11 Feb 2017 - 3:57 p. m.

Darío Monsalve, el arzobispo de Cali en controversia

Ha sido uno de los miembros de la Iglesia católica más activos en busca de la paz con el Eln. Un abogado lo acusa de haber ofrecido dinero para frenar un proceso sobre un cura pederasta. "El país sabe quién es Darío Monsalve", responde monseñor.

Redacción Judcial

Monseñor Darío de Jesús Monsalve Mejía, arzobispo de Cali, nació en Valparaíso (Antioquia) en marzo de 1948, un mes antes de que el asesinato del caudillo liberal, Jorge Eliecer Gaitán, desatara la peor época de confrontación armada en Colombia, catalogada como la Violencia. Básicamente, monseñor Monsalve es uno más de los colombianos cuya vida transcurrió en la incertidumbre de vivir en un país en guerra. Por eso, quizás, ha destinado buena parte de su tiempo en aportar a la paz de Colombia. Hoy se desempeña como el coordinador episcopal en la mesa de diálogo que se acaba de instalar en Quito entre el Gobierno colombiano y Eln.

En la víspera del plebiscito del pasado 2 de octubre, monseñor Monsalve desató una fuerte polémica cuando aseguró ante los medios que “todo ciudadano honesto dará su voto por el Sí a los acuerdos con las Farc”. La controversia en la que se encuentra ahora, sin embargo, está lejos del tema de la paz: los casos de pederastia en su arquidiócesis. Élmer Montaña, abogado de una familia de dos niños abusados por un cura de Cali, señaló que monseñor Monsalve le ofreció dinero para que no asumiera la defensa de la familia perjudicada. El religioso no admitió ni negó la acusación, pero sí expresó que el abogado está recurriendo a distintas interpretaciones para crear un escenario mediático. El debate nace de la respuesta de la Arquidiócesis de Cali a las víctimas indirectas (los padres de los niños): les dijo que era su culpa que los menores hubieran sido ultrajados por el párroco William Mazo.  

Pero Monsalve también ha ido en contravía de las tendencias tradicionales de la Iglesia católica. Por ejemplo en 2012, con respecto a histórica exclusión que ha impulsado la Iglesia católica con las personas homosexuales. El arzobispo de Cali aseguró que ese era un momento propicio para cambiar de tono al respecto. “La Iglesia debe mejorar su relación con esta comunidad y ayudar a la sociedad a entender que las personas no se definen por sus tendencias o conductas, sino por su propio valor, dignidad, derechos y deberes. Hay que brindarles más acogida y pedirles perdón por las heridas que les hemos causado con juicios hirientes y dañinos sobre su tendencia”, aseguró entonces el arzobispo. 
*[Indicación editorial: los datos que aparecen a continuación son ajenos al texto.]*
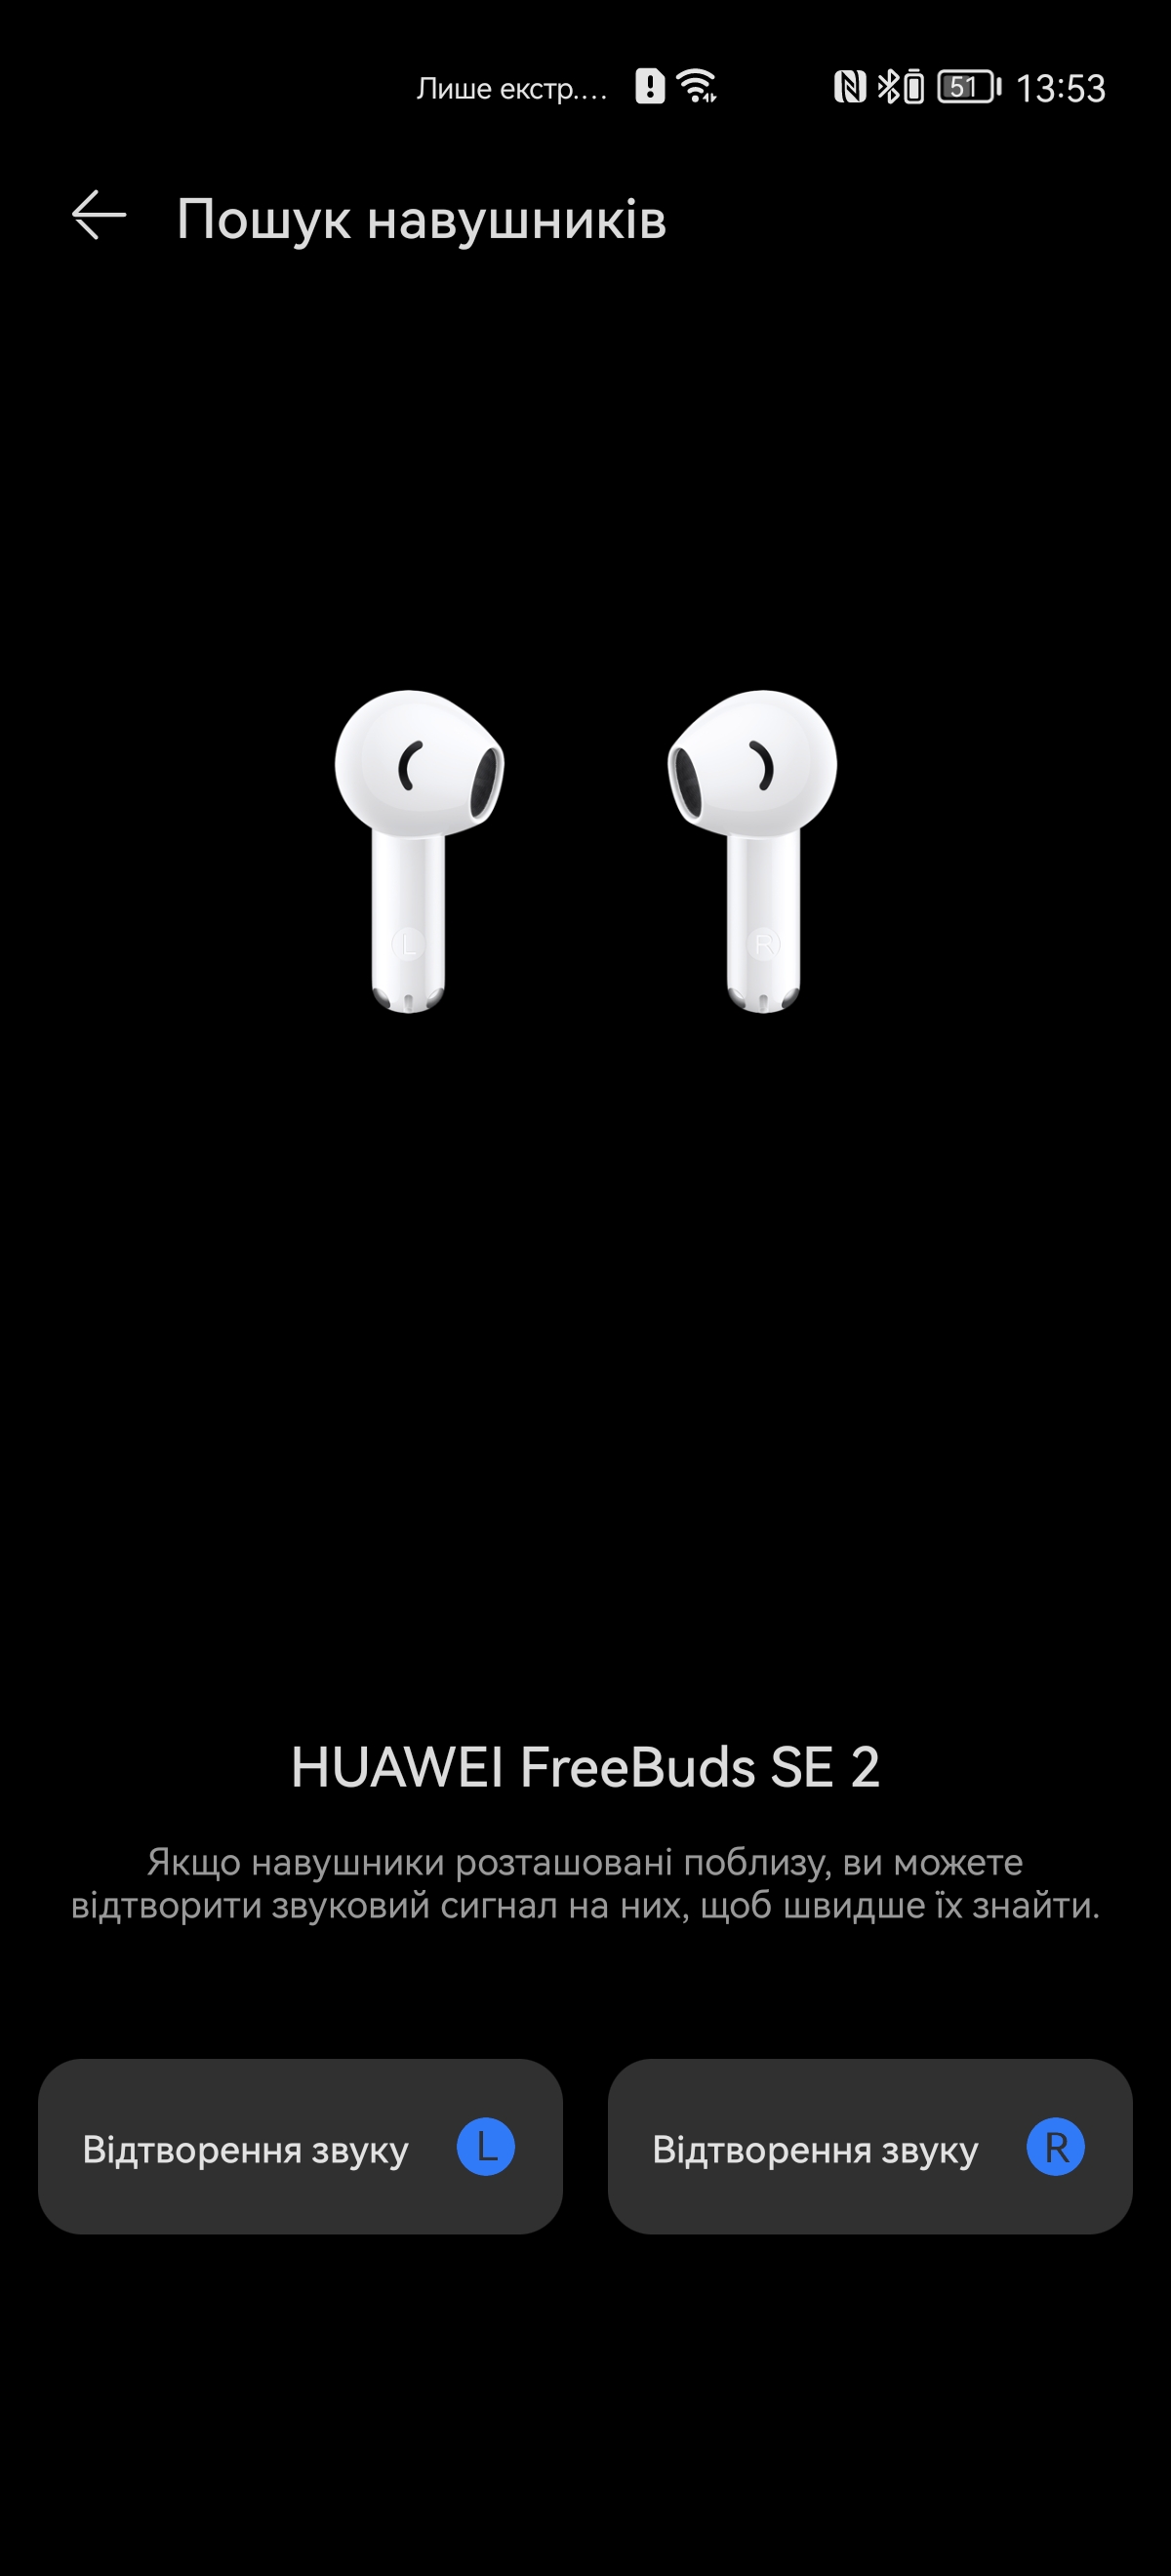 Huawei 2 TWS 6 SE FreeBuds in Stunden Kopfhörer Musik Test: Gramm Garantiert 4

Monsalve, quien fue amenazado de muerte en diciembre de 2016 por su apoyo al proceso de paz con las Farc, tiene 40 años de carrera sacerdotal. Se ordenó en Jericó en 1976, luego de haber desarrollado sus estudios de Filosofía en la Pontificia Universidad Bolivariana de Medellín y los de Teología en la Universidad Javeriana. En 1993 fue nombrado obispo titular de Giunca di Mauritania (Italia). Después de conseguir la licencia en teología bíblica en la Universidad Gregoriana de Roma, regresó a su Diócesis para ser profesor y posteriormente de rector de los Seminarios Mayor y Menor de Jericó. En julio de 2001, el Papa Juan Pablo II lo nombró obispo de Málaga – Soatá en Santander. Luego, en 2010, Benedicto XVI lo nombró arzobispo coadjutor en Cali. Ese mismo alto jerarca de la Iglesia, en mayo de 2011, lo designó arzobispo de la Arquidiócesis de Cali. Llegó un año antes de que el párroco William Mazo fuera condenado en primera instancia por abuso sexual. 

Durante la fase exploratoria de los diálogos con la guerrilla de Eln, Monsalve asumió un papel de facilitador y logró que varios secuestrados por el mencionado grupo guerrillero recuperaran su libertad. Por ejemplo, en octubre de 2015, facilitó la liberación de los soldados Andrés Felipe Pérez y Blaider Antonio Rodríguez, secuestrados ese mismo mes en Güicán, Boyacá. Más recientemente, el arzobispo fue quien estuvo haciendo gestiones para que el excongresista chococano Odín Sánchez Montes de Oca fuera liberado para que así se pudiera iniciar la fase pública de la mesa de diálogos con el Eln, pues el cautiverio de Sánchez era un obstáculo inamovible para que arrancaran las negociaciones.